Decision letter after peer review:
Thank you for submitting your article "Postnatal mechanical loading drives adaptation of tissues primarily through modulation of the non-collagenous matrix" for consideration by eLife. Your article has been reviewed by three peer reviewers, including Subburaman Mohan as the Reviewing Editor and Reviewer #1, and the evaluation has been overseen by Clifford Rosen as the Senior Editor.
The reviewers have discussed the reviews with one another and the Reviewing Editor has drafted this decision to help you prepare a revised submission.

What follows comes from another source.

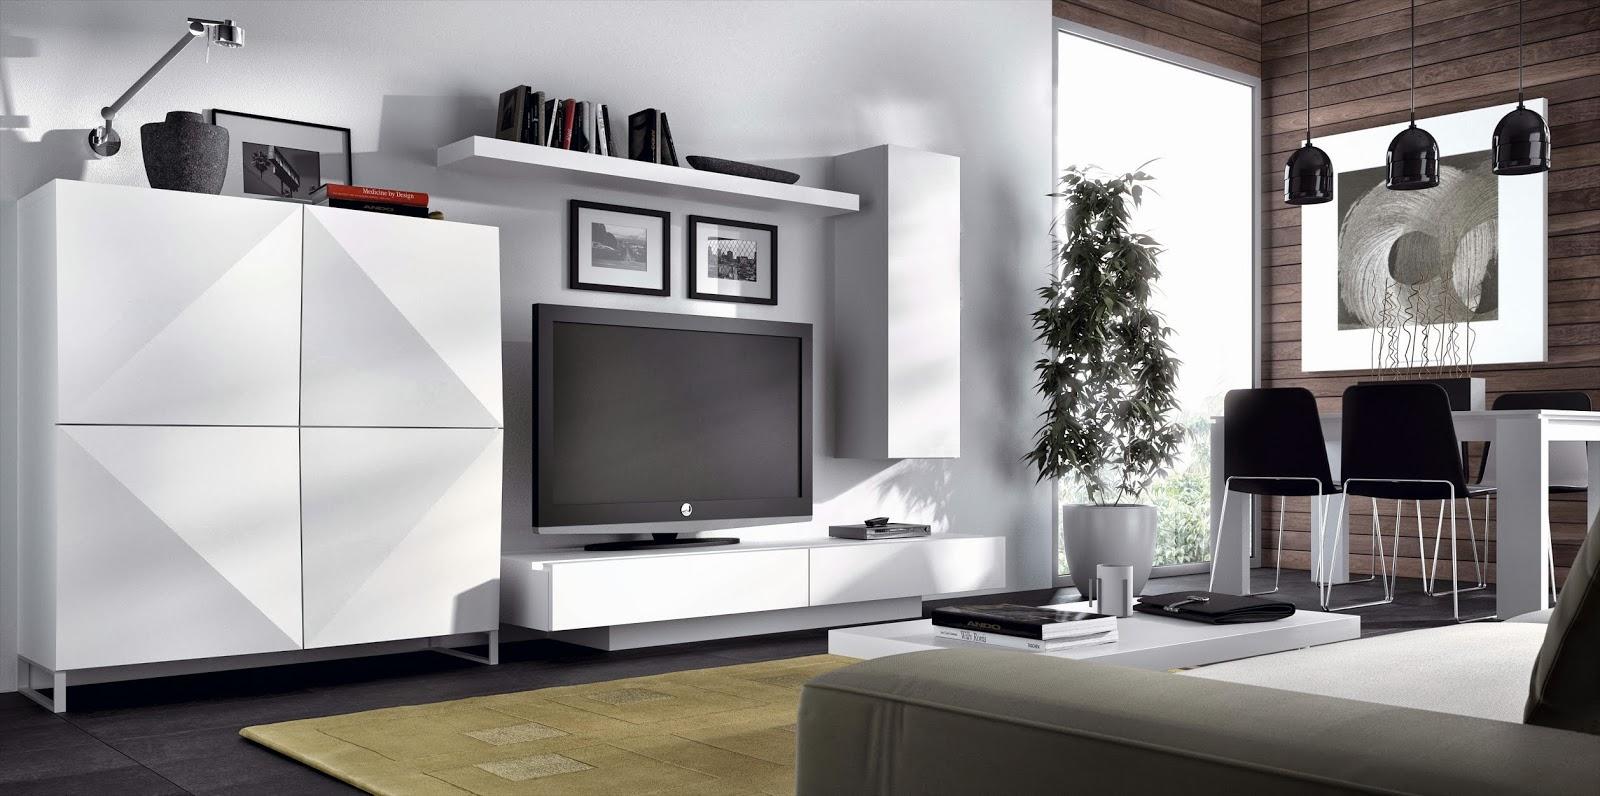 Informaci n de mobiliario opini n de producto colecci n for Fabrica muebles modernos

As the editors have judged that your manuscript is of interest, but as described below that additional experiments are required before it is published, we would like to draw your attention to changes in our revision policy that we have made in response to COVID-19 (https://elifesciences.org/articles/57162). First, because many researchers have temporarily lost access to the labs, we will give authors as much time as they need to submit revised manuscripts. We are also offering, if you choose, to post the manuscript to bioRxiv (if it is not already there) along with this decision letter and a formal designation that the manuscript is "in revision at eLife". Please let us know if you would like to pursue this option. (If your work is more suitable for medRxiv, you will need to post the preprint yourself, as the mechanisms for us to do so are still in development.)
Summary:
While the reviewers have found the manuscript to be well written and the findings to be of interest to readers in the tendon biology field, the reviewers are in agreement that it needs to be revised by addressing the comments raised by the reviewers as below. In general, the reviewers found that while the mass spec data represents an advancement, it is not supported by functional analyses of the significance of the changes in TGF-β to tendon mechanical adaptation. The authors are invited to submit a revised version with additional experiments after a careful revision of the paper by addressing the comments given below. To guide the authors, it is critical for your group that 1) correlational analyses be performed between the expression and protein data from the mass spec data to support your major tenet, and 2) that knockdown of TGF-β in tenocytes be performed looking for changes in extracellular matrix proteins that would support the paper's major theme of functional effects of TGF-β. It is understood that other functional studies would be difficult in the equine model. Other concerns are noted below and can be addressed in a straightforward manner.
Reviewer #1:
In this study, Zamboulis et al. tested the hypothesis that the fiber and matrix phases of functionally distinct tendons (SDFT and CDET) have identical compositional profiles and mechanical properties during gestation and that tissue specialization in different tendons occurs as an adaptive response to mechanical loading. To test this prediction, they have studied the age-related changes in biochemical composition and structural adaptation using tendons from equine as model since they have been shown to be highly analogous to human Achilles tendons. The authors show that functional adaptation in tendons is predominantly reliant on adaptation of the metabolically active matrix phase and that TGF-β signaling is actively involved the ECM organization and functional adaptation following mechanical loading. This finding is interesting as one would have predicted a more predominant role for fibre phase since it is lot more abundant than the matrix phase.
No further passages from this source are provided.